A Lily in the Light(75)
He nodded slowly, uncapped the bottle, and took a sip. “Are you happy there?”
They’d never talked about happiness before, whether all the dreams they’d had as students had been what they’d expected, how happiness came in temporary waves.
“It’s what I worked for, right?” She shrugged, tossing a T-shirt into the open suitcase.
“Well, let me ask you this . . .” He stared out the window at rows of wrought iron windows and trellises on the limestone building across the street, carefully choosing words. The sweater she was folding rested in her lap.
“I got offered a place in Boston. I’d dance, but I’d also choreograph.”
“Boston?” She’d been only once, early on as a corps member. She didn’t remember much. The reality of Adam moving even farther away sat in her stomach like a pit, so heavy it grounded her to the floor. At least when he was in New York, she could picture him walking streets she knew from her childhood, her early life connecting to his present life, but that would end when he moved to Boston. The sweater she was holding felt slimy under her fingers. She pushed it away.
“They asked about you.” Adam’s eyes were nearly turquoise in the light through the window, an indescribable color she could only call Adam. He swirled the water in the bottle until a funnel spiraled on its own. “As a soloist with some principal roles.”
She was ready. The Waltz Girl had proved that. Boston was four hours from New York, closer than San Francisco, closer to Lily. It meant she’d be with Adam. They could leave shows together and find warm, yeasty pizzerias on cold nights or walk along the Charles. Was that really what he was offering?
“All the best colleges are there. You could even think about school.”
“I think—” Esme started and stopped, unsure if this moment and whatever answer she gave would unroll the next section of her life, if she’d regret it or look back and know she’d made the right choice, but there was Lily. “Can I think about it?”
“Of course,” he said. “I only promised I’d talk to you. I’ll give you his number if you’re interested.”
“Who runs it?”
“Paul Katzman.”
Esme laughed in shock. “Amelia’s Paul?”
It would be a kind of homecoming, a circle from where she’d started. It couldn’t be a coincidence that everything had happened this week.
“He has a soft spot for very stunning Waltz Girl performances.” Adam winked.
Construction drills started outside the window. Hammers banged. They were building a scaffold across the street and a web of nets to swallow a building. It sat there without protest, vines swaying from the trellises.
Adam sighed. “I botched this week, Esme. I know I did. I should’ve . . .” His voice trailed off. He shifted his weight and ran a finger over a folded shirt as if he were petting a kitten. Esme wished it were her hand instead.
“I just keep thinking about who I was in San Francisco, how hopeful I was, how focused.

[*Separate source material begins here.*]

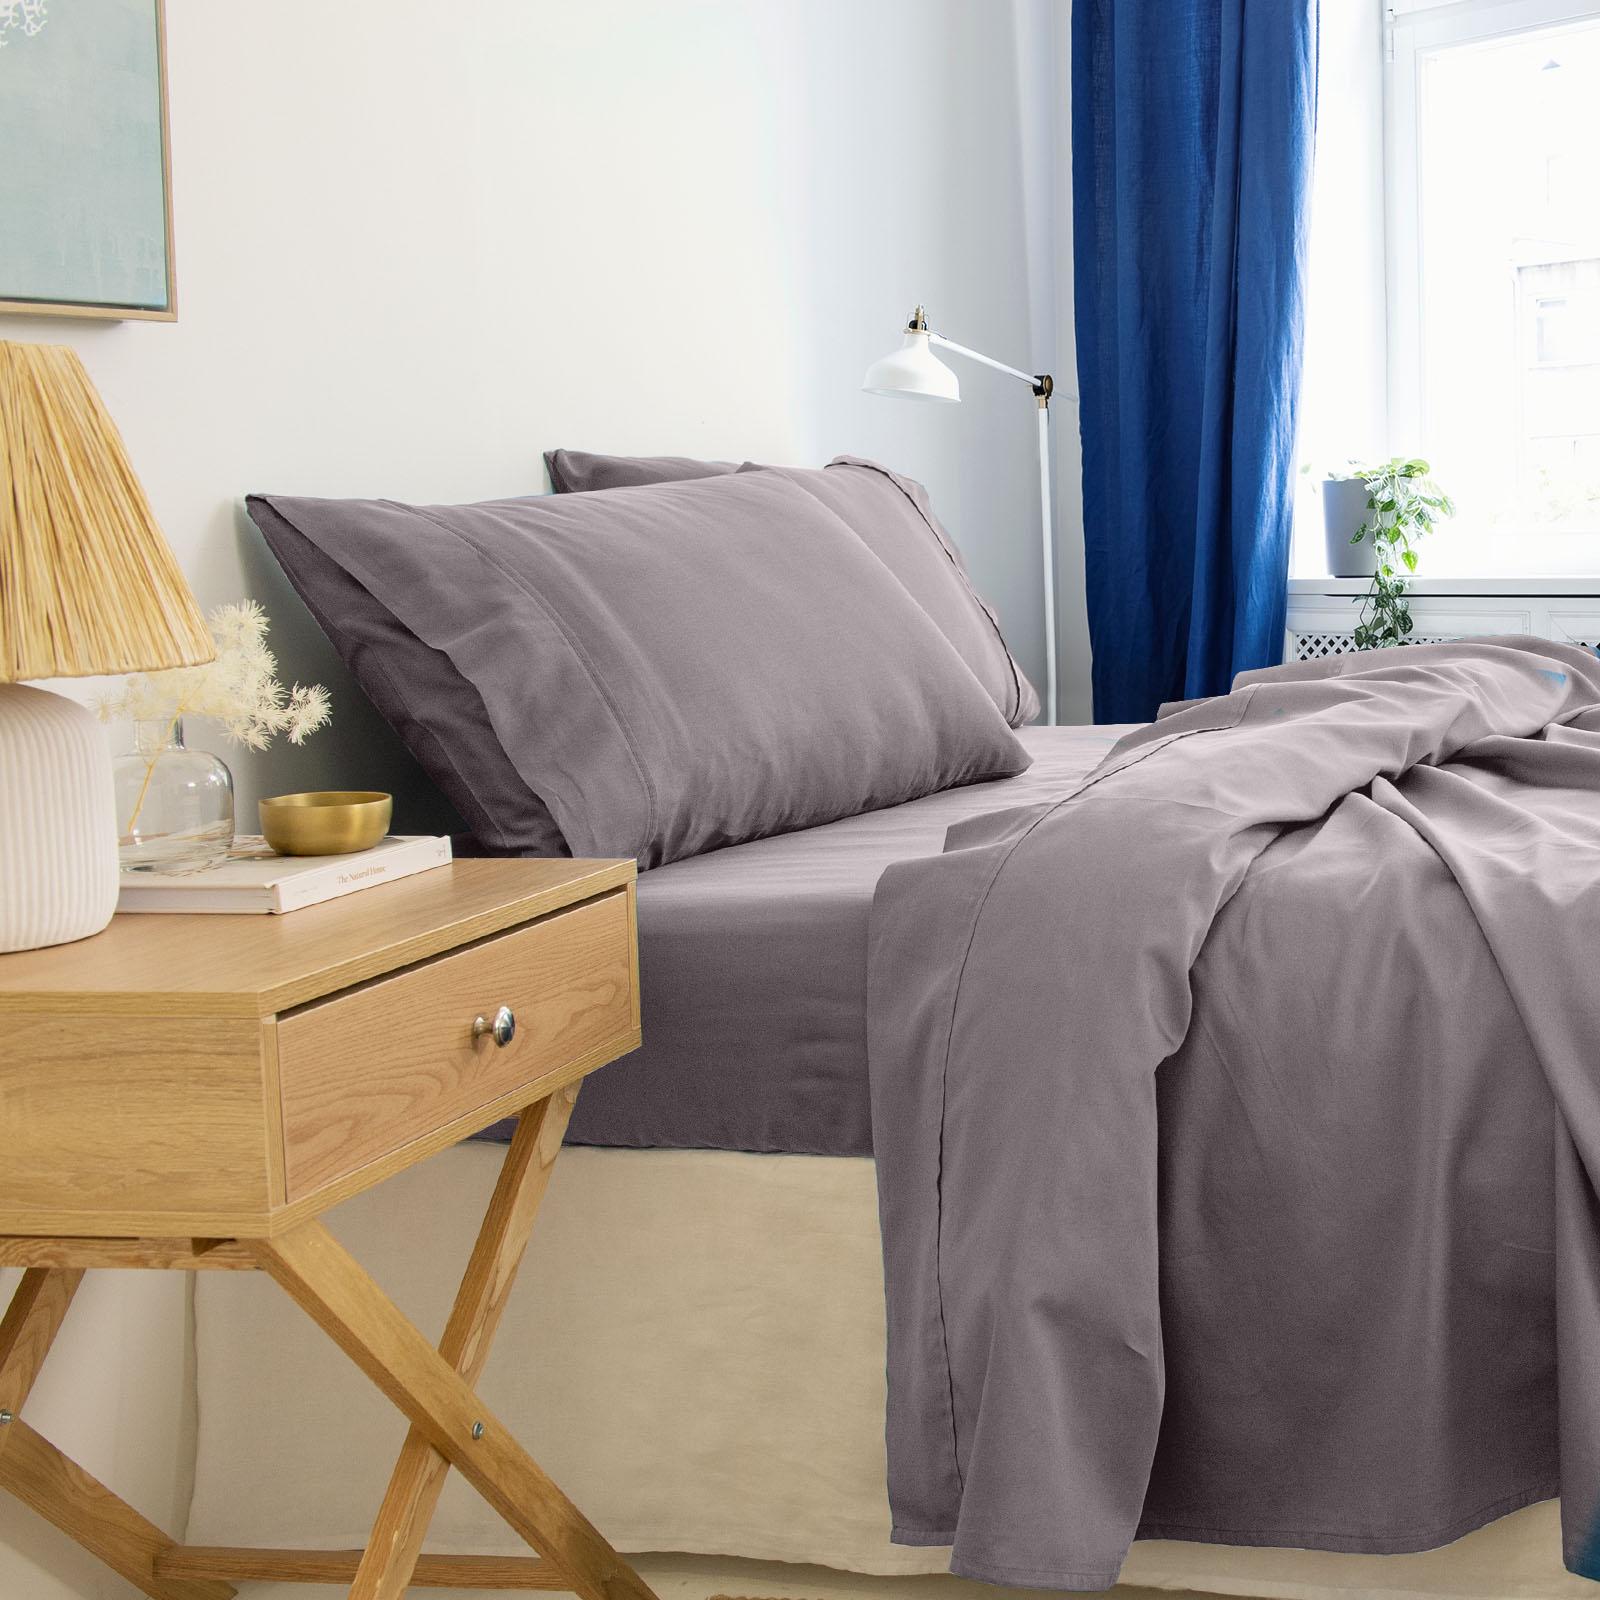 thumbnail 48 - Royal Comfort 1000TC Hotel Grade Bamboo Cotton Sheets Pillowcases Set Ultrasoft

Maybe I was too focused, because we all were, but most of my memories have you in them. I just thought that maybe this summer I could reconnect with who I was, and I thought you being here would help, but I wasn’t thinking about how much changed since then. I don’t know . . .” Adam rubbed his forehead between his hands. “I’m not even making sense.” He laughed, a bitter sound, filled with regret. “I probably sound nuts.”
Esme crawled closer and rested her hand over his. “You don’t sound nuts.”
His hand relaxed under hers.
Esme sighed, releasing all the questions she had about her own life, what it meant. The weight of it huffed out in one long breath. “That summer, when we first met, I felt so free. Everything I did was important. I was allowed to be happy, but I didn’t have time to be—or really, I wouldn’t let myself because I thought I had to work harder. Every time I got a role or a nice compliment, I worked harder to keep deserving everything because there was a goal at the end, especially after . . . well, it was easy to leave everything behind and ignore whatever I felt about Lily or my family because I had something else instead.”
Esme paused to gather her thoughts. The ice machine in the hallway rattled as a nameless person filled a bucket and walked heavily along the carpet.
“After she went missing, one of the things I made myself believe was that she was in a children’s book somewhere, like Narnia or Where the Wild Things Are—you know, one of those books where kids slip between worlds. She was just on a journey, and I was on mine. Ballet let me believe it. It made it realer somehow.
“I did what I wanted to do,” she said finally. “I found my Narnia, but it never felt like enough. And truthfully, I was so afraid of ‘the end,’ when I’d have to stop and see the things I didn’t want to.” She thought back to her mother’s shadow behind the trailer curtain, of the mannequin under the sheet, long forgotten.
“And then to find out she was so close the whole time, Adam, just across the Hudson, and we couldn’t find her. I can’t imagine what her life’s been or how any of this could’ve happened.”
A tool dropped outside and bounced against metal. Surrounded by the floral wallpaper in her room, it sounded especially strange. The seashell sat on its bed of sand next to her bed, a battered piece of the ocean.